If we want to search for the closest match (rather than using AI), we need to set some priorities in the configuration file.

We might decide that size is the most critical factor, followed by type and style. Temperature and humidity are useful, but not as important as any of the others.

For each attribute we're going to match, we can set up a multiplier and a type or closeness threshold.

Multiplier

The multiplier is applied to the difference between the attributes when comparing the value you searched for against

For example, we want a 10g difference in weight to be penalised much more than a 10% difference in humidity.

So we can give weight differences a large multiplier, or humidity differences a small multiplier.

    "matching": {
		"Weight": {
			"mult": 10,
			"close": 0.002
		},
		"Type": {
			"mult": 1,
			"type": "equalonly"
		},
		"Style": {
			"mult": 1,
			"type": "equalonly"
		},
		"Temperature": {			
			"mult": 0.5,
                        "close": 2
		},
		"Humidity": {			
			"mult": 0.1,
                        "close": 10
		}
	},
Closeness

The 'close' value defines how much difference is considered 'good enough' to be a match. If the difference between the search value and the captured value is less than this amount, it will be considered an exact match.

Match Types

The 'type' value defines how the comparison should be performed.

equalonly

When matching Equal Only, the condition becomes a simple yes/no rather than a multiplier - the score will be 0 for an exact match, or the 'mult' value if it's anything else.

This is the ideal method when comparing strings or discrete values.

preference

This indicates that you'd prefer values close to a particular target. Think of it as being able to specify a default search value for when users forget to do so.

For example, you might want to always give priority to the fastest result - if the search finds several very similar matches, we want to use the one that was quickest.

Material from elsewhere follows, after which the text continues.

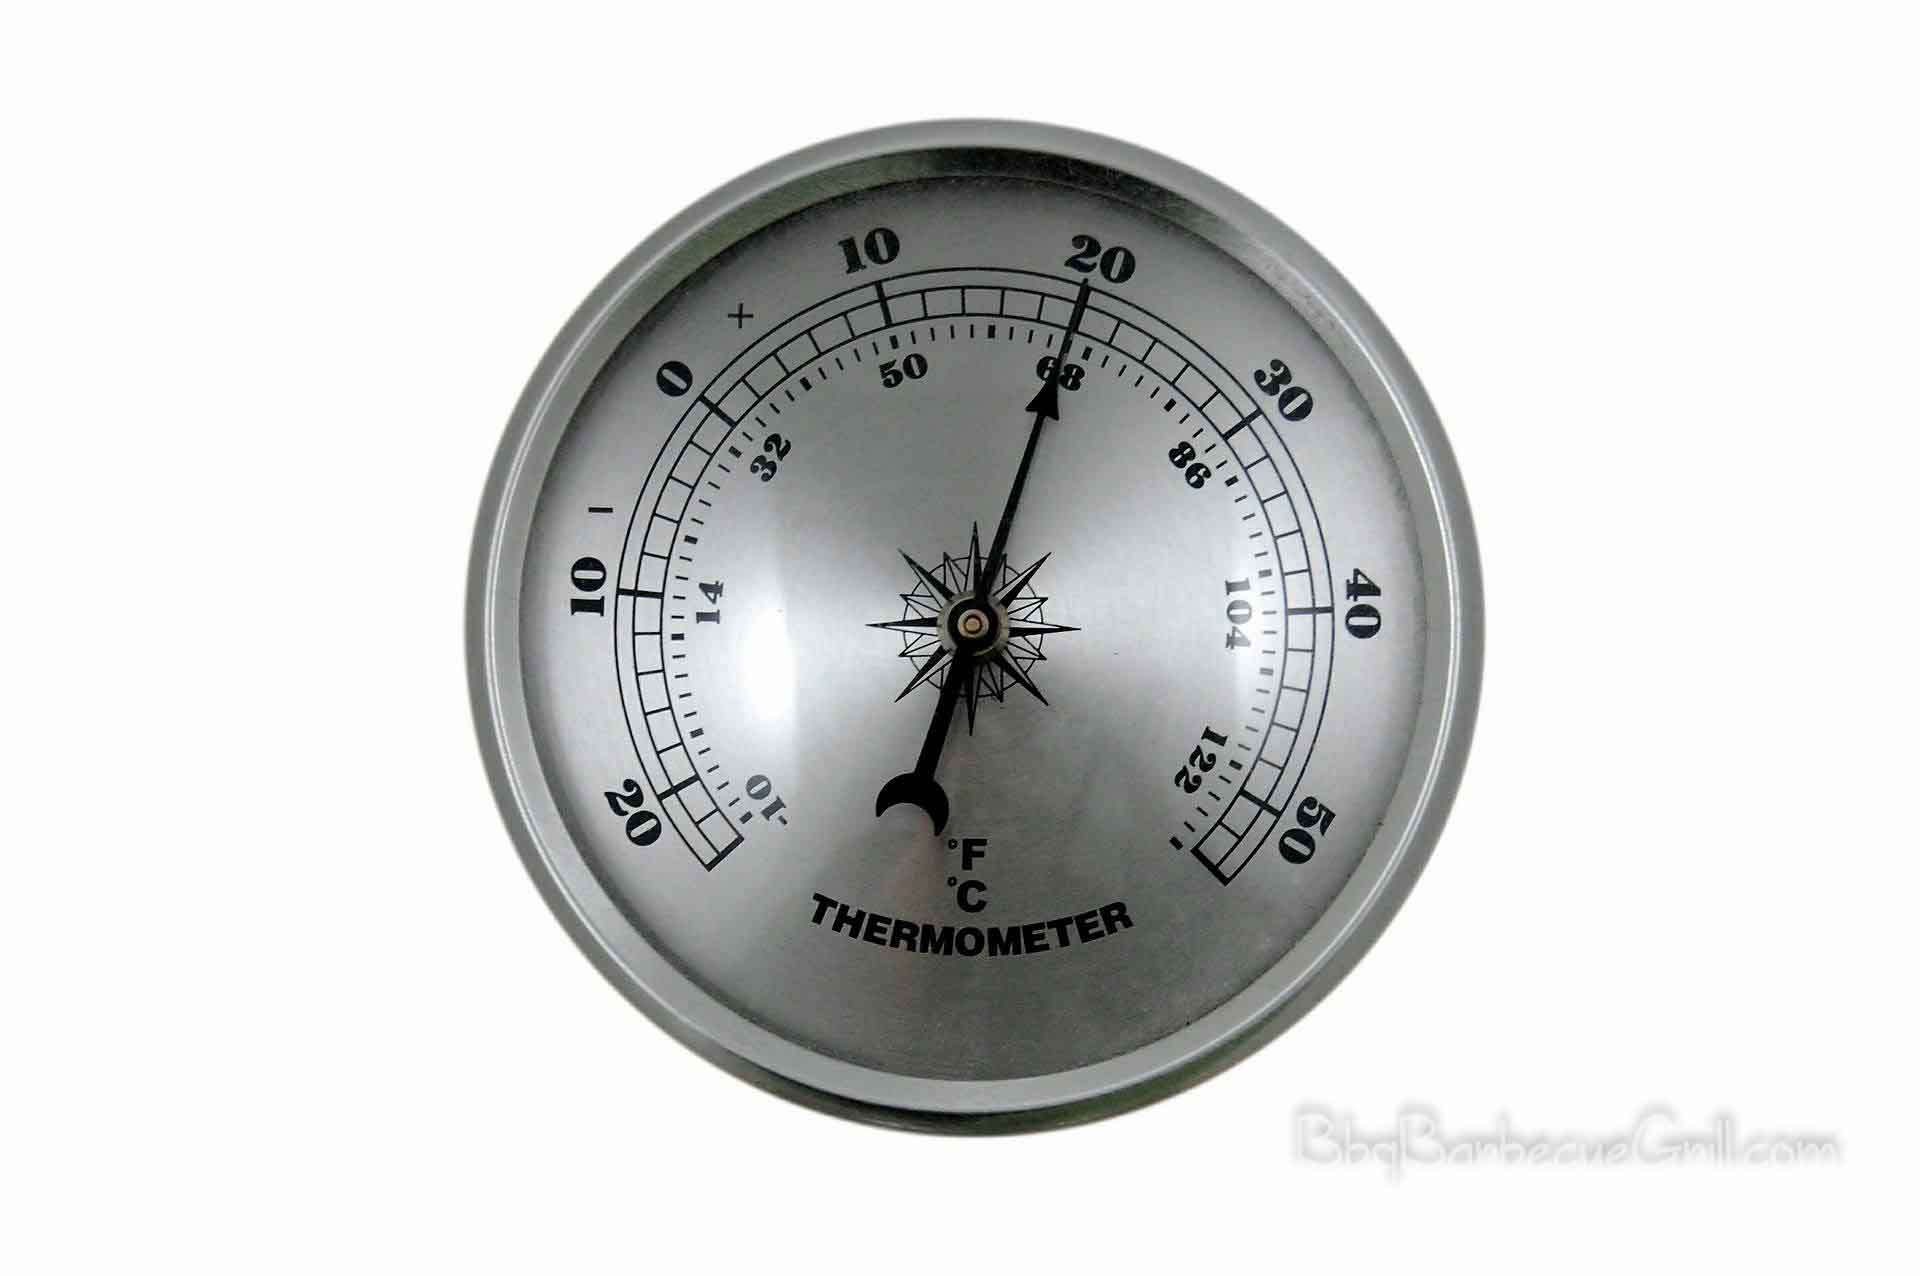 Grilling temperatures

The following rule will do that…

   "Paint Line.Speed - Actual": {
      "type": "preference",
      "mult": 0.2,
      "target": 300 
   }	

The target attribute specifies what value you're hoping to achieve. In this case, a small amount will be added to the score whenever the speed is not 300.

It's often a good idea to give these very small 'mult' values - otherwise an unexpected or noisy signal might cause issues.